We’ve covered a wide range of crate-engine companies in our popular Drivetrain Series, but they tend to favor Blue Oval blocks due to predominance of Cobra replicas in the kit market. Considering all the Corvette Grand Sports in this issue, and the fact that even a few original Cobras were Chevy-powered, we felt it was a good time to spotlight some LS offerings. Besides seeking to be more even-handed in our coverage, we also came across some unprecedented power levels available through Lingenfelter Performance Engineering, as noted in our March/April issue.

Not only that, Mike Copeland, Lingenfelter’s vice president and general manager, pointed out several advantages of using as LS engine instead of a Ford. But don’t assume he’s biased here, as he admits to using a number of Ford engines in personal projects, despite having worked previously at GM as project manager for one-off project cars (which included powering the Superformance Grand Sport featured elsewhere in this issue).        

Before digging into some of the advantages of LS power, especially from a packaging standpoint for various kit projects, we should review Lingenfelter’s LS lineup. For nearly 40 years, Lingenfelter has become well known for delivering prodigious engine outputs for high-end, street-driven cars, customizing 1,000-, 1,200- and 1,500-horsepower engines to customers’ exact specifications. What’s now different is that Lingenfelter is expanding its standard crate engine line with a powerful 900hp supercharged engine that’s an off-the-shelf, stocked product. (That’s in addition to the company’s other crate engines, starting with the naturally aspirated 550hp LS3, which is the most popular.)

Prior to the release of the new engine, the upper limit of the company’s supercharged crate engine line topped out at 750 horses. “We have never before offered a crate engine combination with this much horsepower,” notes Copeland. “For this engine, we’ve used a 3.6L Kenne Bell Supercharger, which delivers much more horsepower potential for an engine that’s been engineered to reliably stand up to these power levels.” And this blower is capable of raising the bar even higher, to as much as 1000 horses. Talk about bragging rights!

Of course, not all kit projects need this sort of output, nor will the Kenne Bell blower fit in certain applications, due to the extra two inches of height, and rear-inlet throttle body, as Copeland points out. For smaller engine bays, the company offers a lower-profile Eaton TVS supercharger with a front-entrance throttle body, which is used on engines rated at less than 900 hp.

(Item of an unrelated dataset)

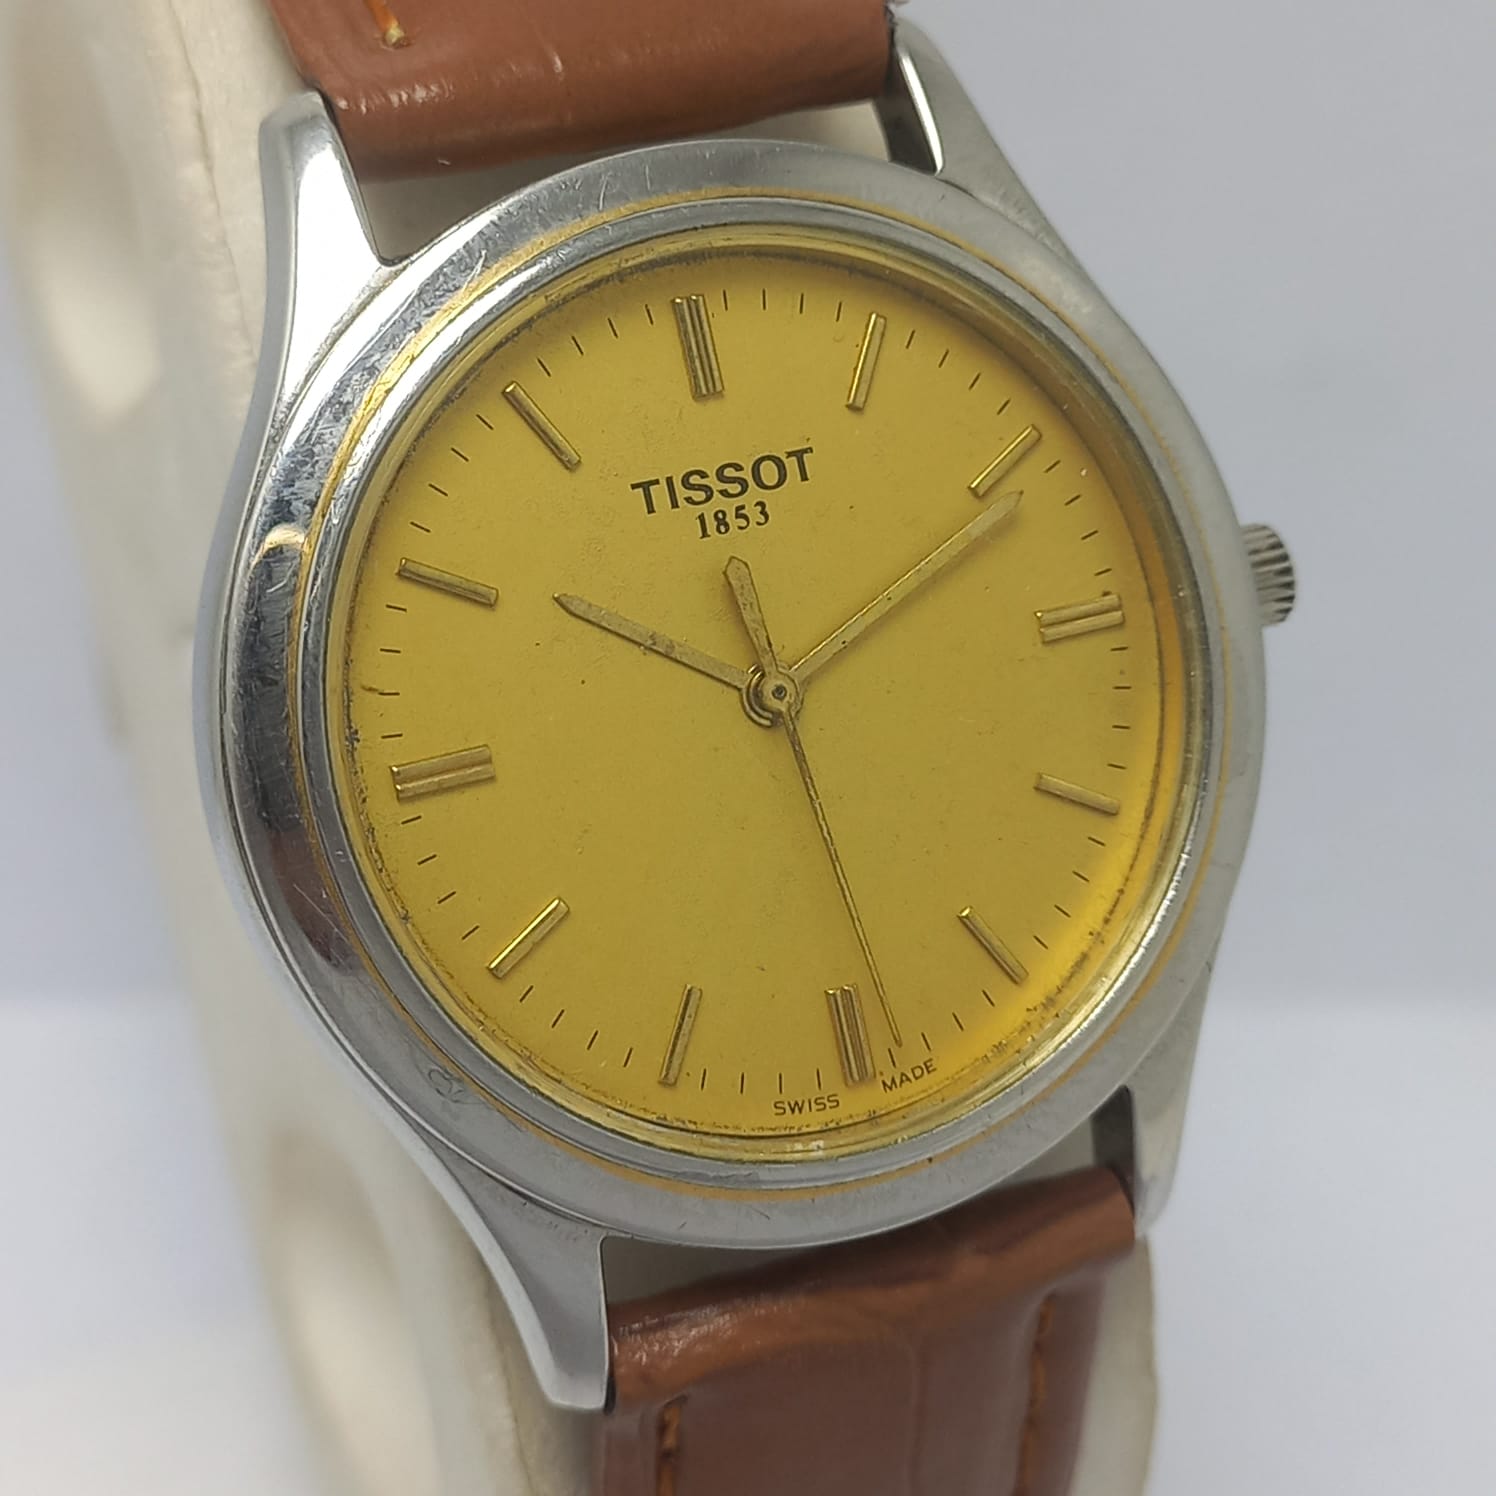 Tissot 1853 J172/272k Quartz Vintage Men's Watch AAH148SGB5 - Watches Pool

There’s another aspect to consider when selecting an engine for a project. As the power climbs into the stratosphere, along with boost levels (16 pounds on the 900hp mill) loads on the belt system increase as well. As Copeland points out, “There’s an accessory-drive challenge.” So a dual setup with an 8-rib belt is required on the Kenne Bell blower, requiring as much as two extra inches of room on the front end. Boost levels on the Eaton unit are much lower, in the six- to eight-pound range, so a single six-rib belt is sufficient.

Aside from these guidelines about packaging and accessory drives, what are some reasons to consider an LS over other offerings? “It’s hard to beat an LS enngine,” Copeland says. “It’s all-aluminum, lightweight with crazy power.” As mentioned above, he’s worked with a lot of Ford engines, so he’s not averse to them, but feels the 351W Ford relies on older technology. As for the newer Coyote, he acknowledges that it’s a good engine, but it’s wider than the LS. So all told, Lingenfelter’s LS crate engines provide some extra choices when deciding on the right engine for your project car.